RP Sr has yet another post The Relevance of Nonlinear Effects In the Climate System pushing the usual stuff: Thus if we accept that small perturbations can result in significant changes in the climate system through nonlinear interactions, then all of the human- and natural climate forcings need to be assessed in this context. I would sigh and move on (I did, earlier today) but now I feel moved to find an old post of mine: Climate is stable in the absence of external perturbation. See, its so old its on the old blog…
Anyway, the point is that people vastly overplay the importance of this non-linear / chaos stuff, because you can get exciting words like “tipping point” out of it, and it plays well in the press. Where would we be without the possibility of “climate surprises”, after all. There is a good RC post on this.

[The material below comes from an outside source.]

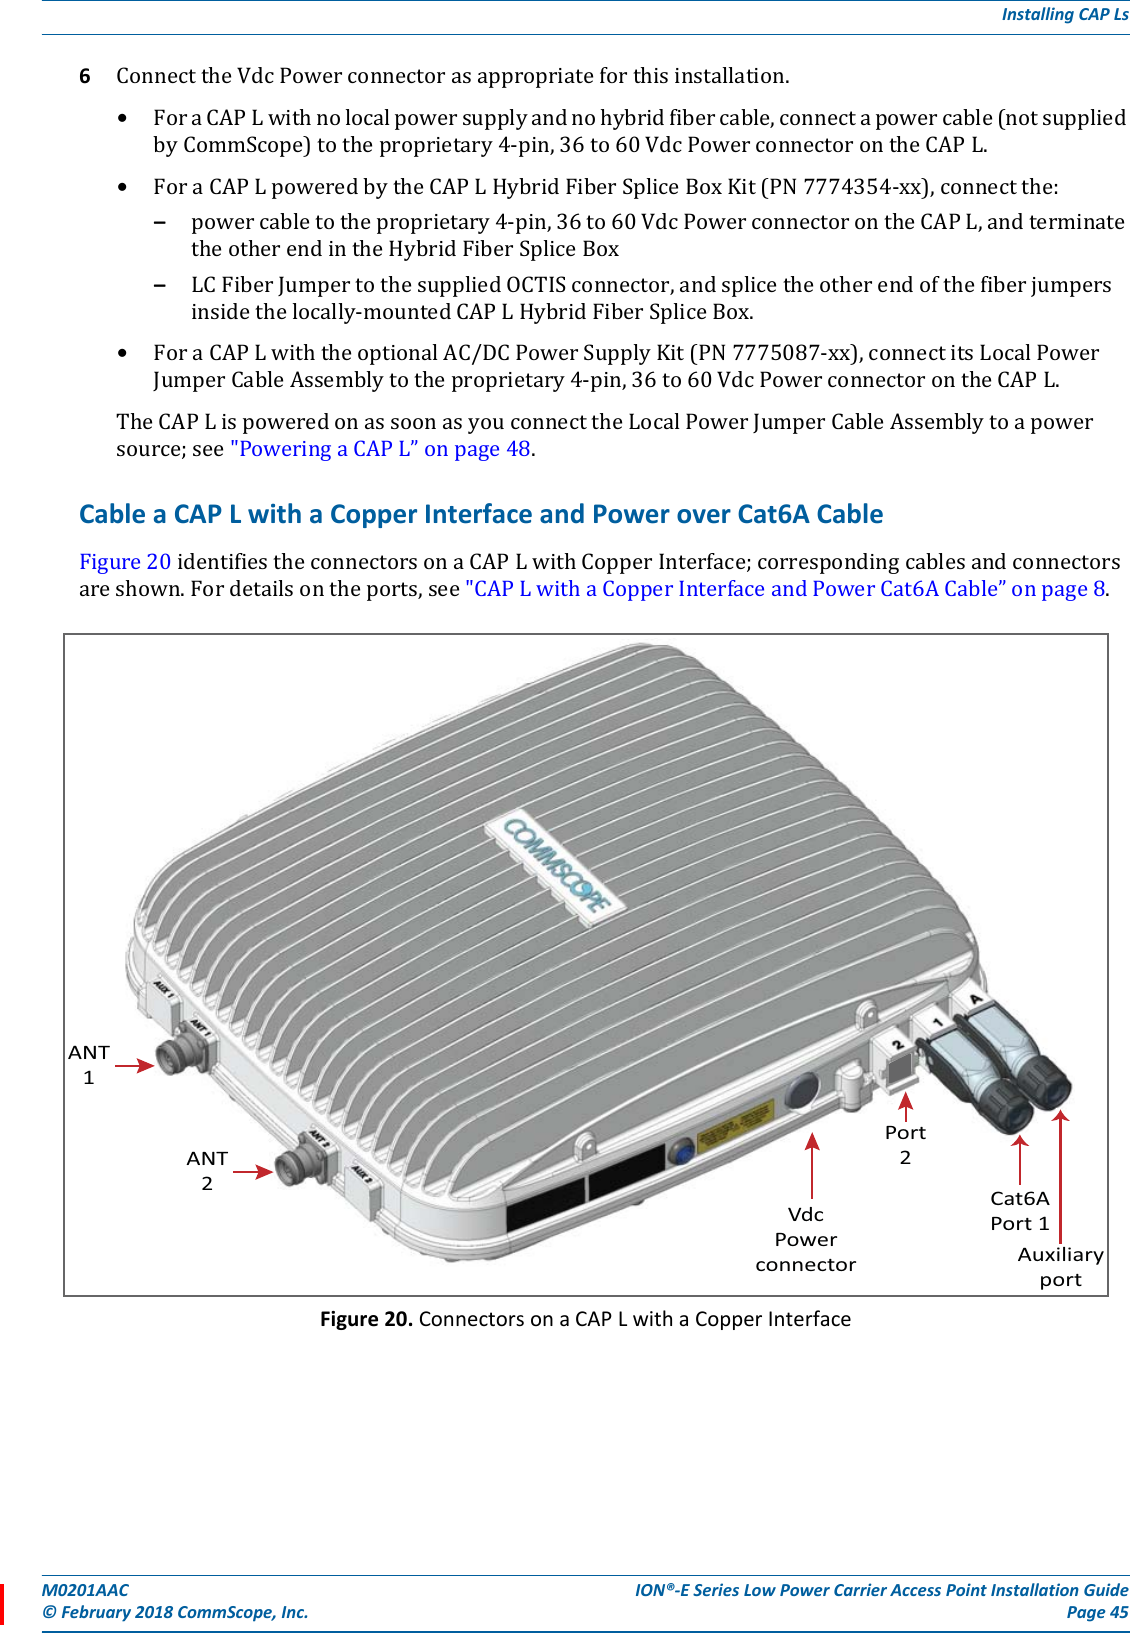 M0201AAC ION®-E Series Low Power Carrier Access Point Installation Guide© February 2018 CommScope, Inc. Page 45Installing CAP Ls6ConnecttheVdcPowerconnectorasappropriateforthisinstallation.•ForaCAPLwithnolocalpowersupplyandnohybridfibercable,connectapowercable(notsuppliedbyCommScope)totheproprietary4-pin,36to60VdcPowerconnectorontheCAPL.•ForaCAPLpoweredbytheCAPLHybridFiberSpliceBoxKit(PN7774354-xx),connectthe:–powercabletotheproprietary4-pin,36to60VdcPowerconnectorontheCAPL,andterminatetheotherendintheHybridFiberSpliceBox–LCFiberJumpertothesuppliedOCTISconnector,andsplicetheotherendofthefiberjumpersinsidethelocally-mountedCAPLHybridFiberSpliceBox.•ForaCAPLwiththeoptionalAC/DCPowerSupplyKit(PN7775087-xx),connectitsLocalPowerJumperCableAssemblytotheproprietary4-pin,36to60VdcPowerconnectorontheCAPL.TheCAPLispoweredonassoonasyouconnecttheLocalPowerJumperCableAssemblytoapowersource;see&quot;PoweringaCAPL”onpage48.Cable a CAP L with a Copper Interface and Power over Cat6A CableFigure20identifiestheconnectorsonaCAPLwithCopperInterface;correspondingcablesandconnectorsareshown.Fordetailsontheports,see&quot;CAPLwithaCopperInterfaceandPowerCat6ACable”onpage8.Figure 20. Connectors on a CAP L with a Copper InterfaceANT1ANT2VdcPowerconnector AuxiliaryportCat6APort 1Port2

Yes, the weather is definitely chaotic. And yes the climate is in principle non-linear. But in many important aspects this all averages out into linearity; and there is no good evidence for important “tipping points” *in climates close to the present*. RP quotes Tas saying once the Greenland ice sheet collapse passes a certain point, it is unlikely to regrow in the current regime. Which is true. But not very interesting. The timescale for Greenland melt is so long that we (now) don’t need to care a great deal about it reforming, since GHG’s are going to be high enought to prevent that for rather a long time. And also, this isn’t a “small perturbation”: its a big one. Where is the evidence that small perturbations lead to large climate changes on a global scale? Holocene global climate appears to be quite stable and reacts linearly to forcing.